Quantum Computers and their application to Chemistry Simulation

Quantum computers have the potential to gain a quantum advantage, allowing them to solve problems that classical computers have never been able to solve. A quantum computer’s computing capacity grows exponentially as the number of qubits it contains increases. With this, research on quantum applications has always been recognized. Now, scientists have executed the largest chemistry simulations involving quantum computers through the use of Google’s Sycamore quantum processor. They used a novel way to combat the noise that is common in quantum circuits.

 “we can sometimes get away with more noise, we’ve already blown past the largest VQE that folks have ever managed to perform, and we think that we can go significantly larger, even on the noisy quantum computers we have today.

William Huggins, a quantum physicist at Google Quantum AI in Mountain View, Calif.

Quantum computers may have a near-term application in chemistry, such as simulating molecular processes to provide insight into next-generation batteries or new pharmaceuticals. As molecules become larger, performing these kinds of simulations becomes progressively more complex, which can be an overwhelming barrier for traditional computing but one that quantum computers may be able to handle.

On Google’s 53-qubit quantum computer, scientists used up to 16 qubits to determine the ground state of molecules, the state in which they have the least amount of energy. The number of electrons in a molecule and the trajectories these electrons take as they orbit a nucleus determine the molecule’s ground state. The work was reported in Nature, but the work was nicely summarised in an article by the IEEE.

H4, molecular nitrogen, and solid diamond were all simulated by the researchers. There were as many as 120 orbitals involved, which are the patterns of electron density created by one or more electrons in atoms or molecules. These are the largest quantum computer-assisted chemistry simulations ever undertaken.

In fact, we provided evidence in the paper that, even for our largest experiments, the noise on the chip wasn’t the limiting factor, rather, we weren’t ambitious enough with the design of the circuits that approximated the ground state. This tells us that we have a good shot of scaling up our current approach further even without developing new theoretical tools, and that’s a real beacon of hope given how hard it can be to perform accurate calculations of quantum chemistry on a noisy device.

Joonho Lee, a quantum physicist at Columbia University, in New York City. 

The majority of this fermionic quantum Monte Carlo simulation is handled by a classical computer. The quantum computer enters the picture during the final, most computationally demanding step: calculating the discrepancies between the quantum computer’s and the classical computer’s estimates of the ground state.
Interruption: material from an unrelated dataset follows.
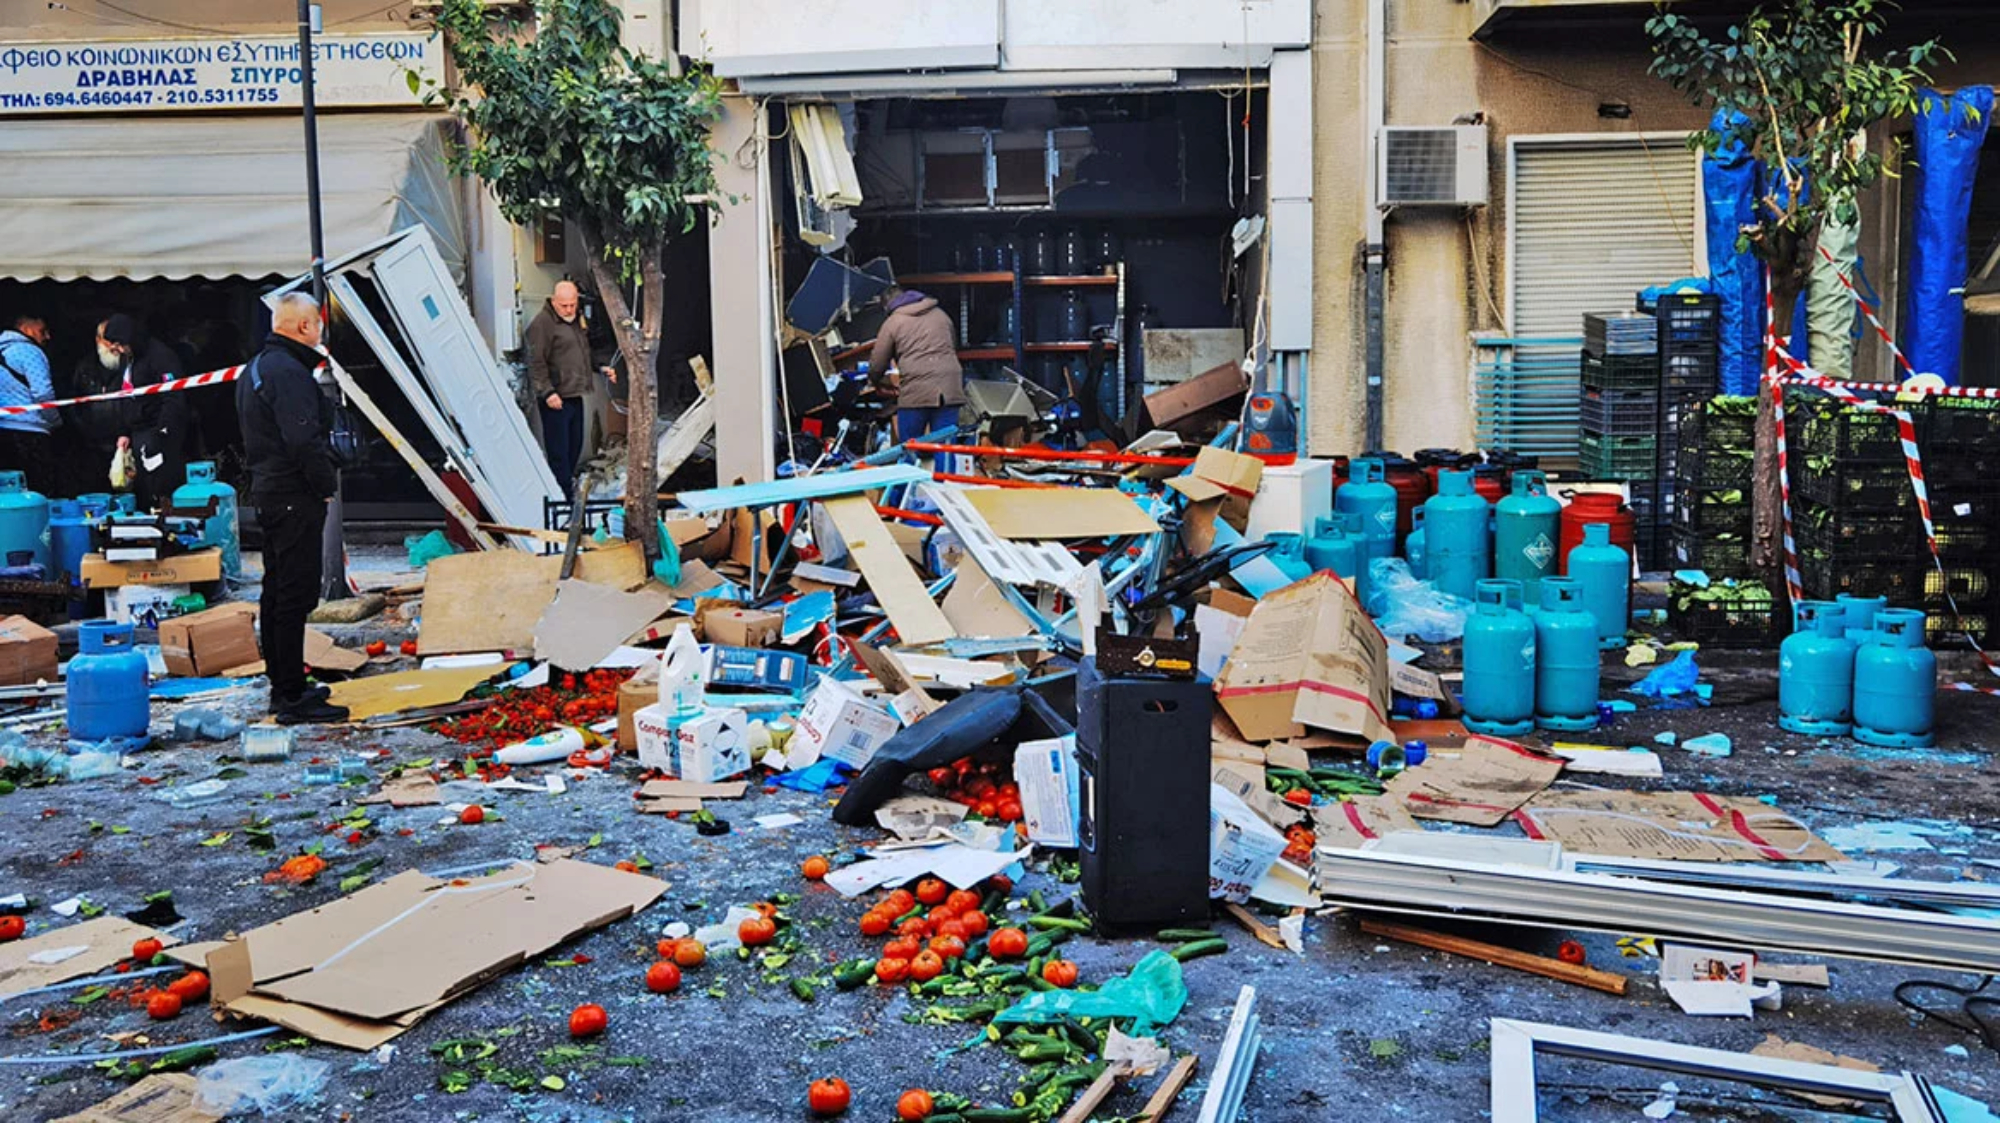 Αιγάλεω: Ισοπεδώθηκε κατάστημα με φιάλες υγραερίου μετά από έκρηξη - Δύο τραυματίες

We’ll make enough progress that attacking problems that pose a challenge for classical algorithms becomes practical,

Still, at the end of the day, we expect it to be extremely challenging to get a practical advantage for quantum chemistry using the noisy quantum computers that we have today, or even tomorrow.

William Huggins, a quantum physicist at Google Quantum AI in Mountain View, Calif.

The previous record for quantum computing chemical simulations used 12 qubits and a hybrid technique known as a variational quantum eigensolver (VQE), which has a variety of drawbacks and takes longer to execute and simulate measurements with a very precise answer when compared to this new hybrid technique. It also requires very little noise in quantum circuits in order to get very precise estimates of ground states, while the new hybrid technology does not.

The newly developed technique produced results that were nearly as accurate as of the best current classical method.

As we make progress on developing and understanding new algorithms, we’re also expecting that new advancements in the hardware, and the software that controls it, will keep making our job easier.

Joonho Lee, a quantum physicist at Columbia University, in New York City.